→ **Action item**: Include no pictures. Output exactly the lines from the one that contains "上海涞恒电热电器有限公司" through the final line of the entries.

→ **Records for this task**:
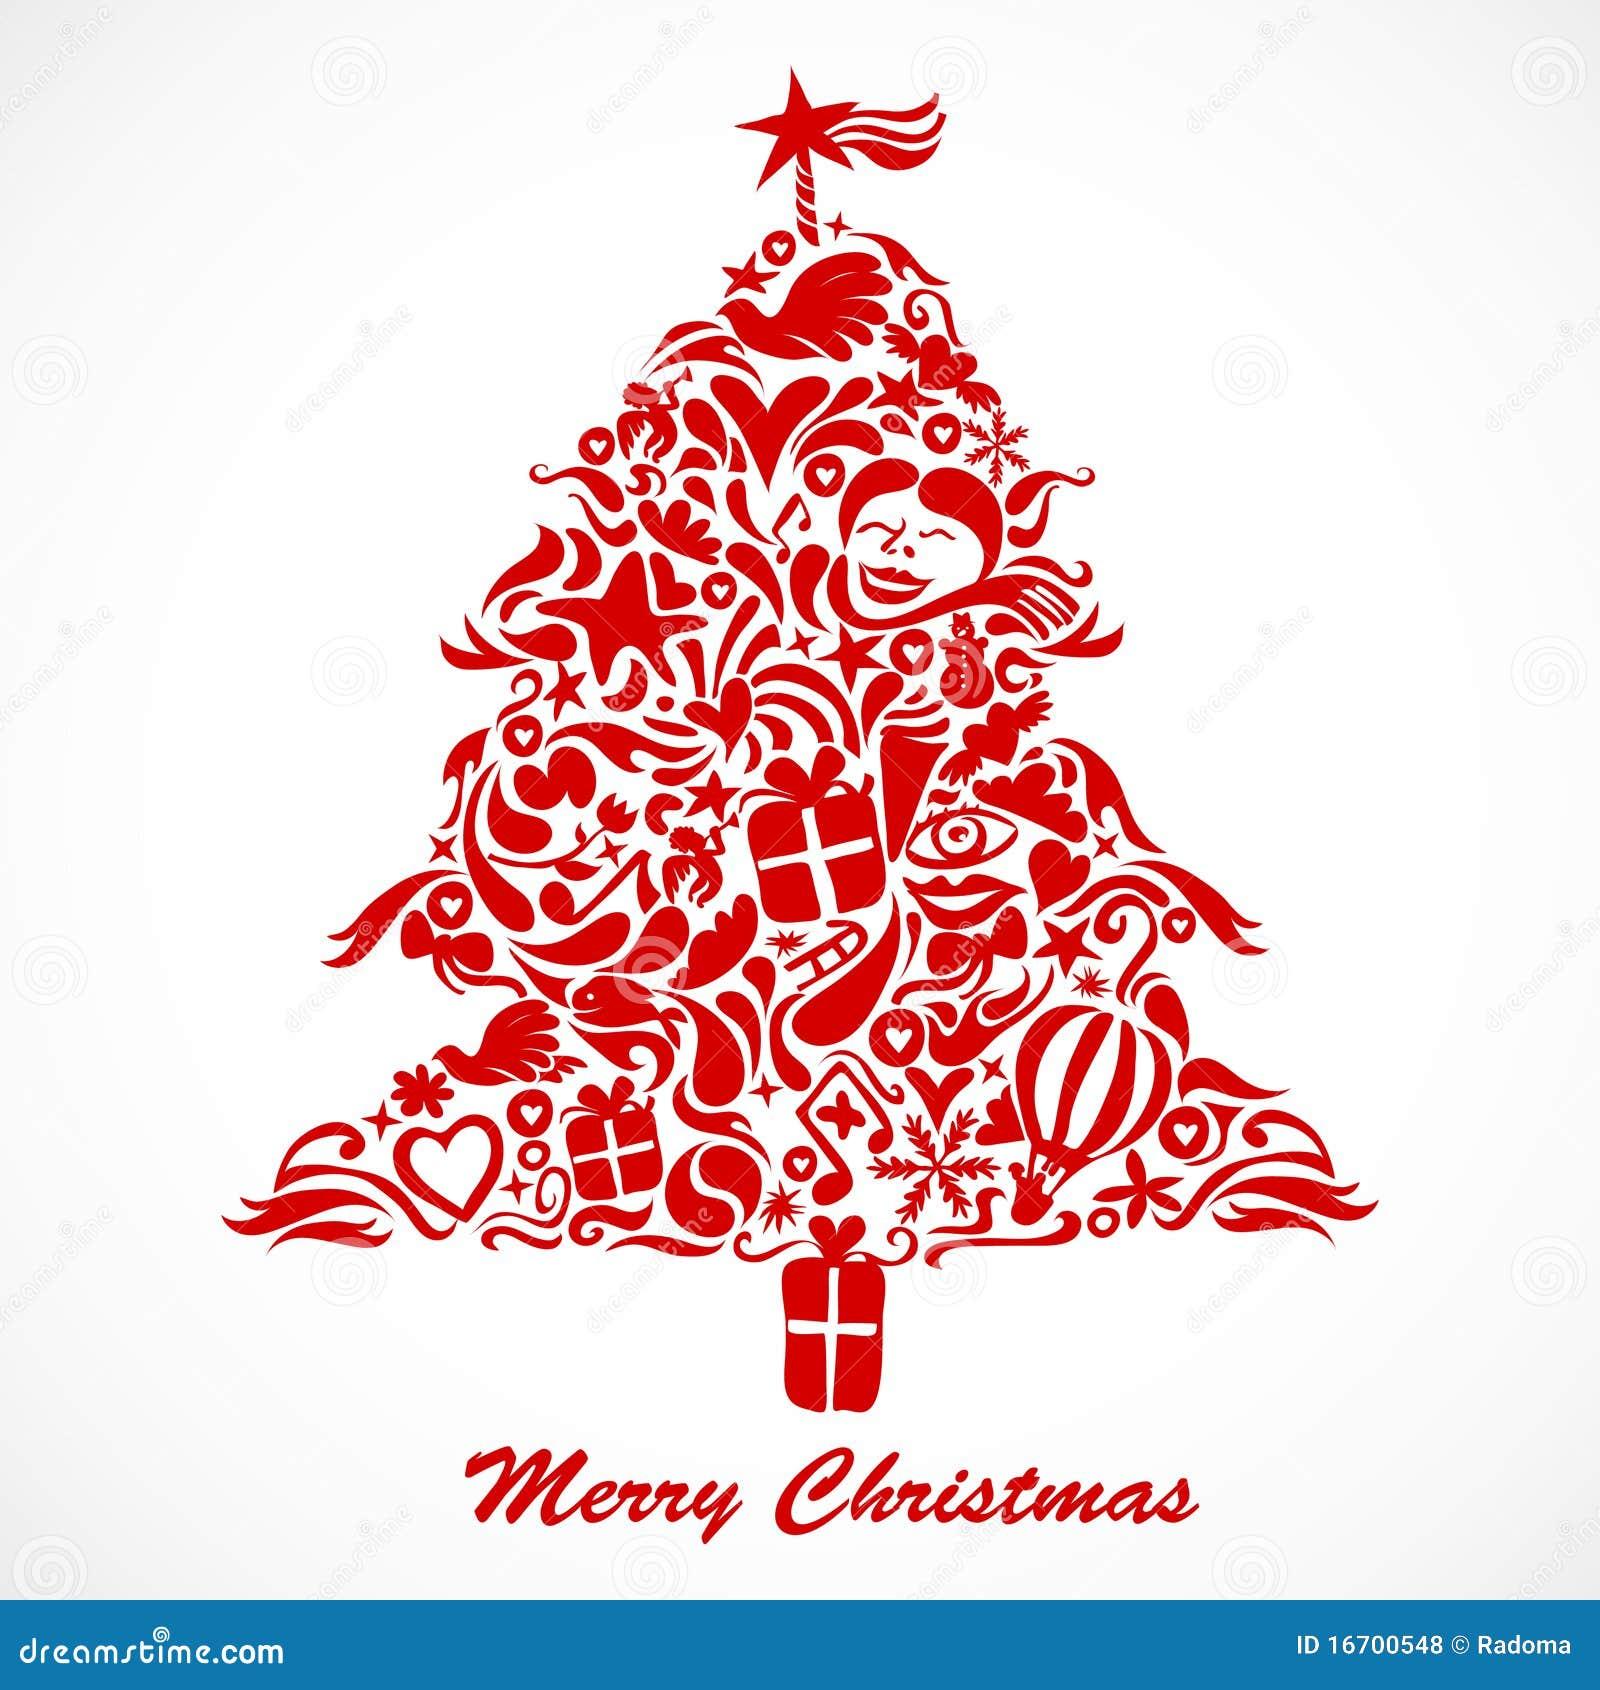 roter weihnachtsbaum vektor abbildung illustration von. Black Bedroom Furniture Sets. Home Design Ideas
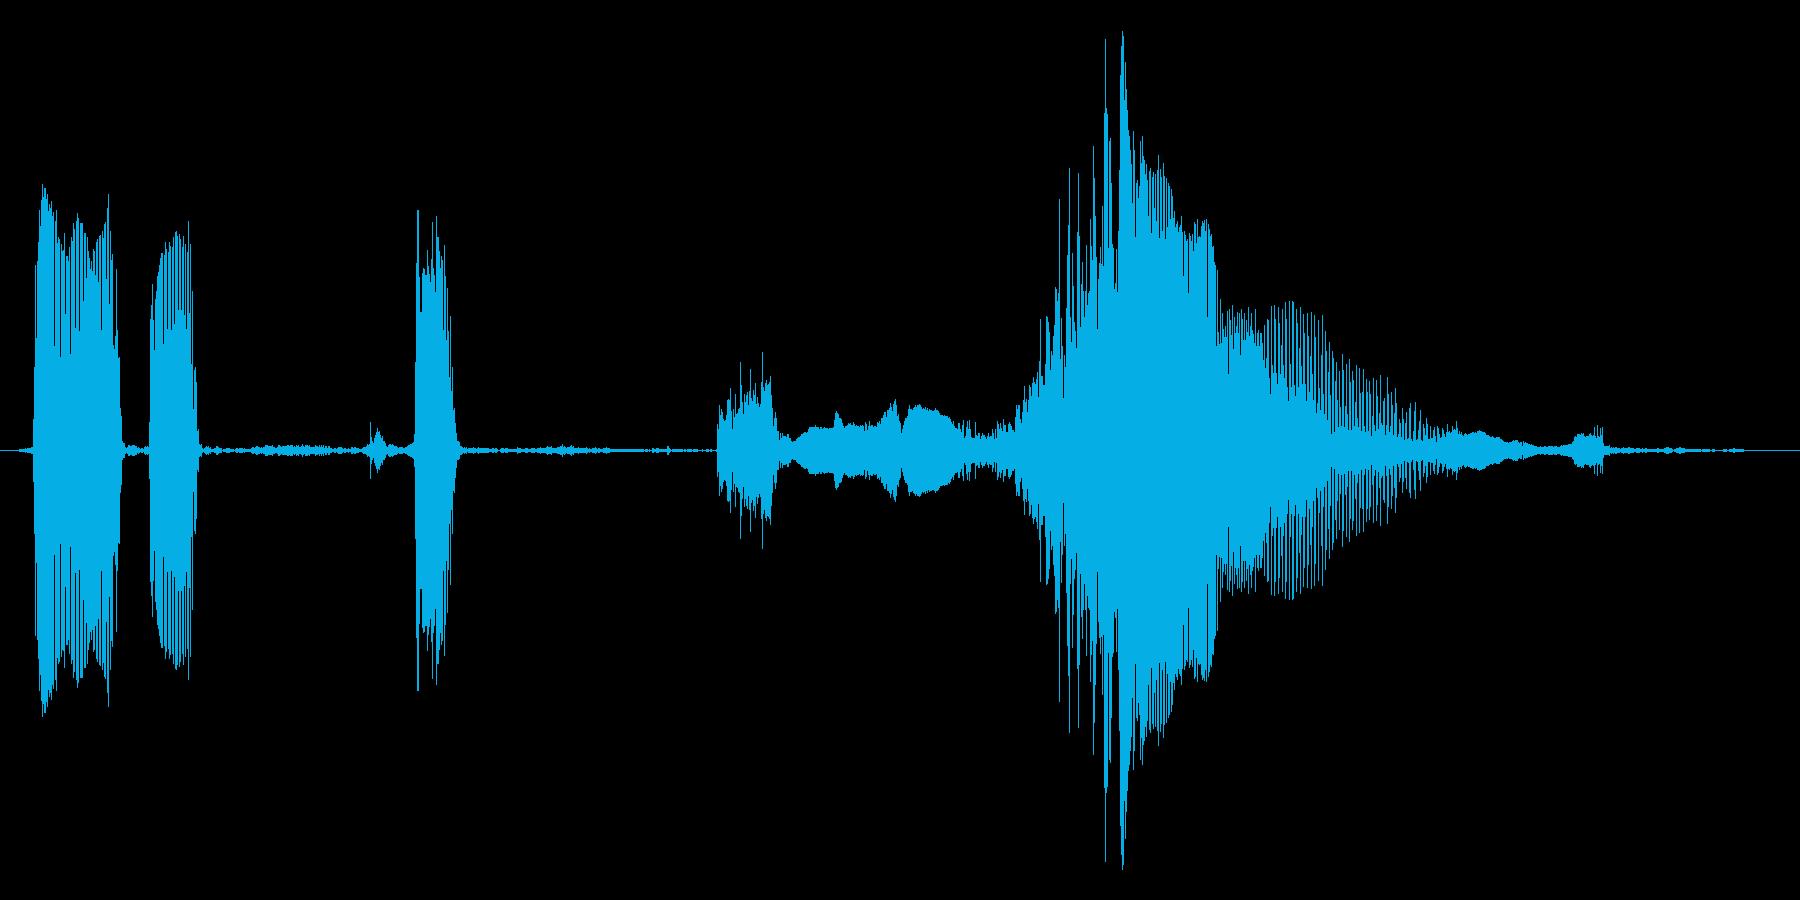 赤ちゃんの笑い声(コンデンサマイク使用)の再生済みの波形
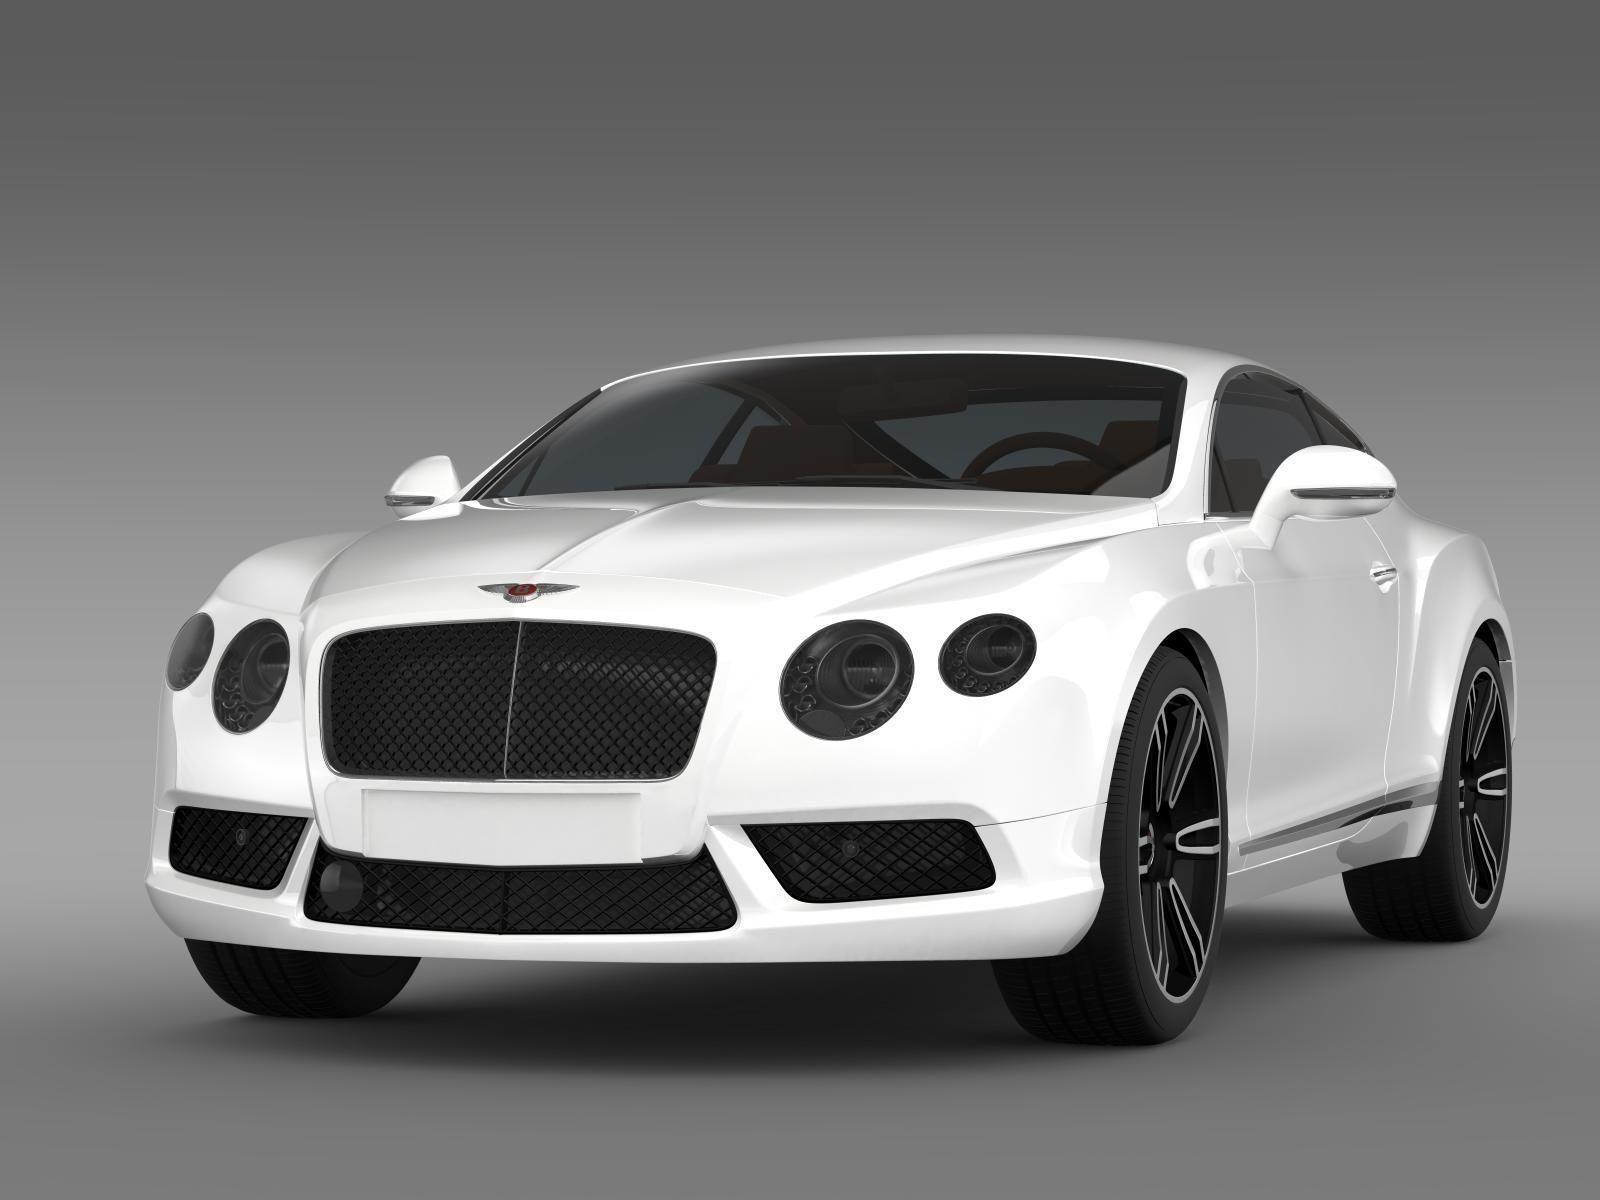 Bentley continental gt v8 2013 3d model max obj 3ds fbx c4d lwo lw lws bentley continental gt v8 2013 3d model max obj 3ds fbx c4d lwo lw lws 2 vanachro Image collections
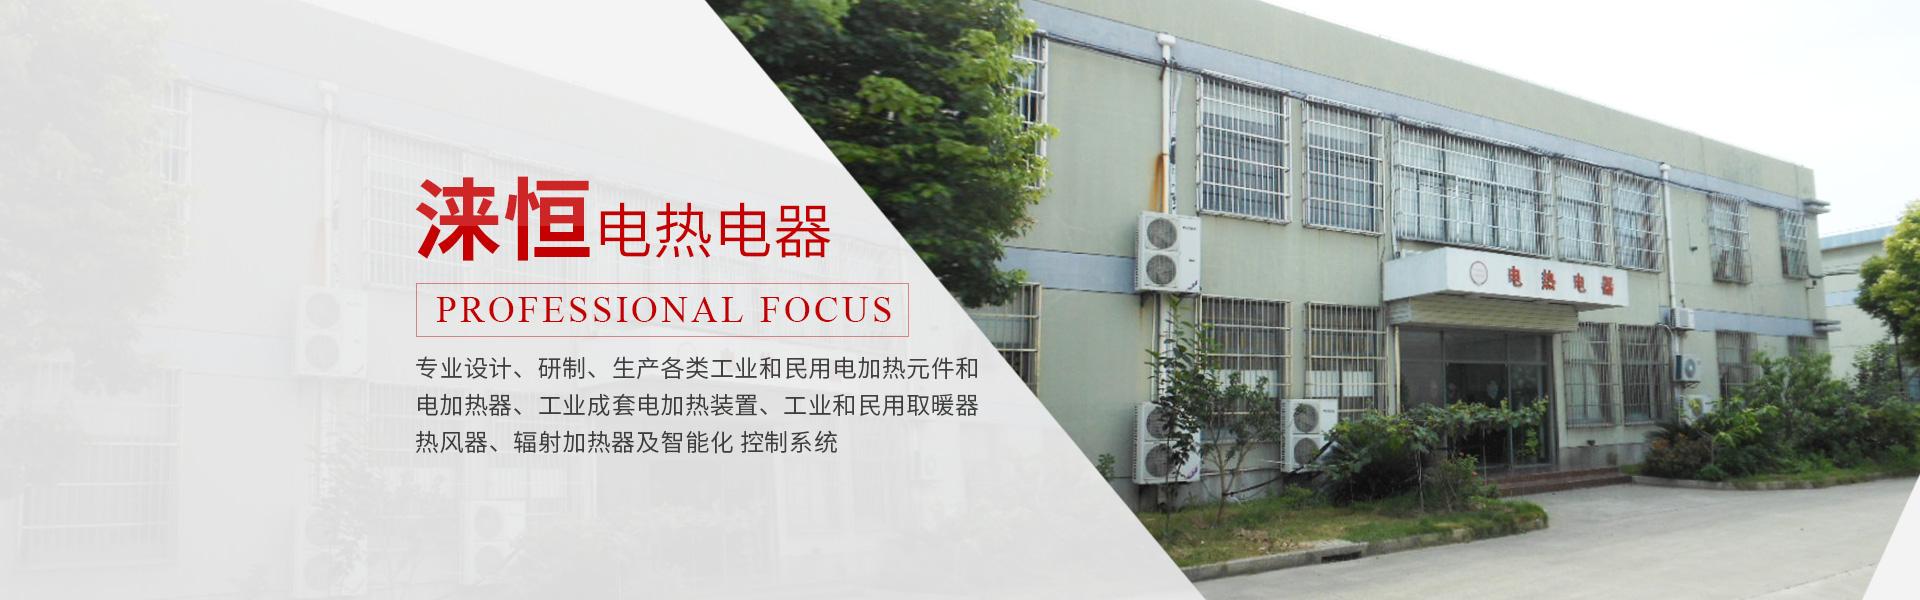 上海涞恒电热电器有限公司
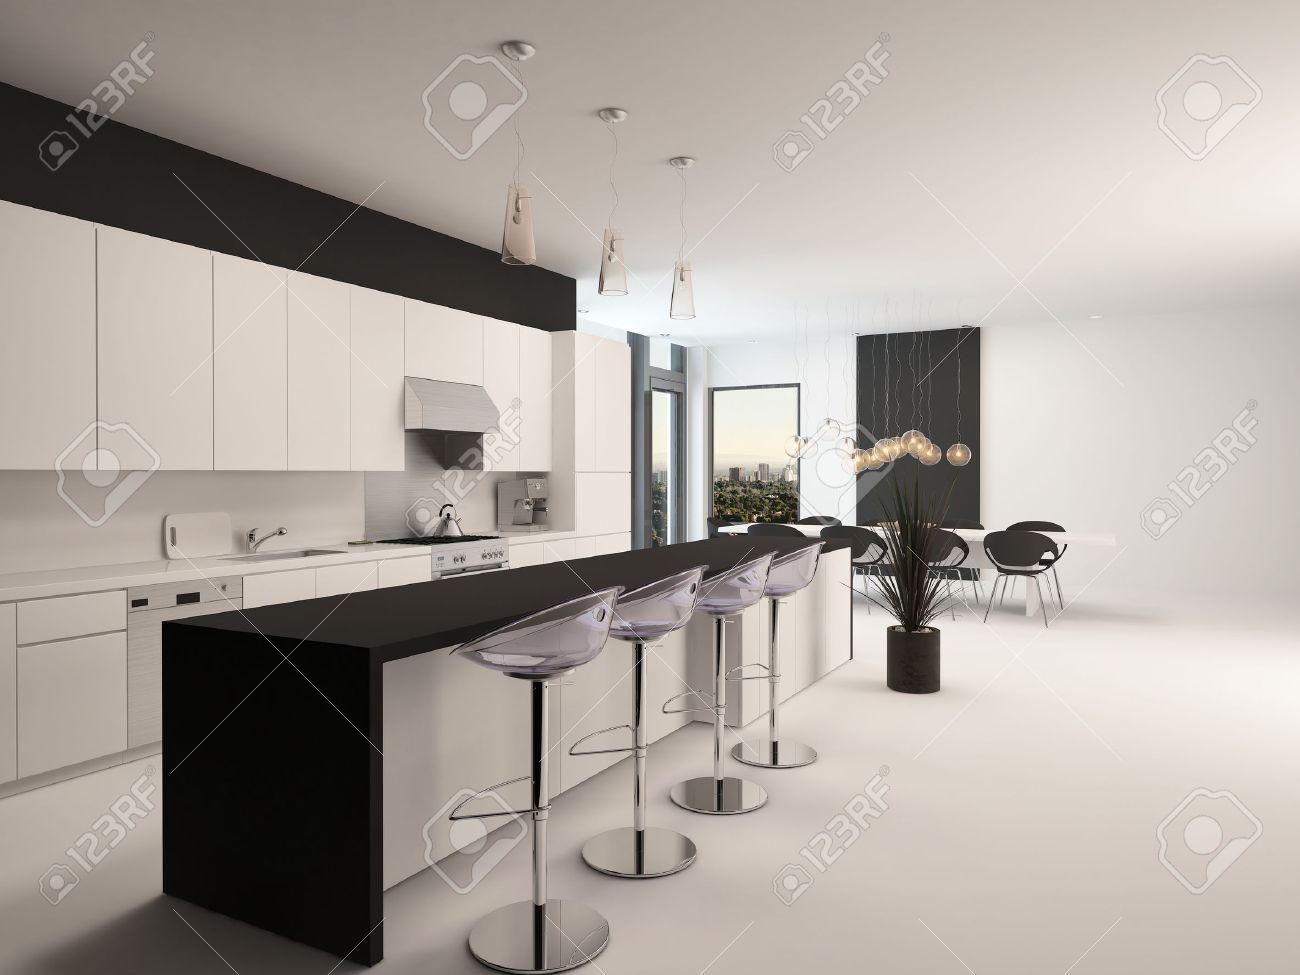 Moderne Schwarze Und Weiße Küche Mit Einem Langen Rückzugs Theke Mit ...

→ **Exercise output**:
 上海涞恒电热电器有限公司
 Moderne Schwarze Und Weiße Küche Mit Einem Langen Rückzugs Theke Mit ...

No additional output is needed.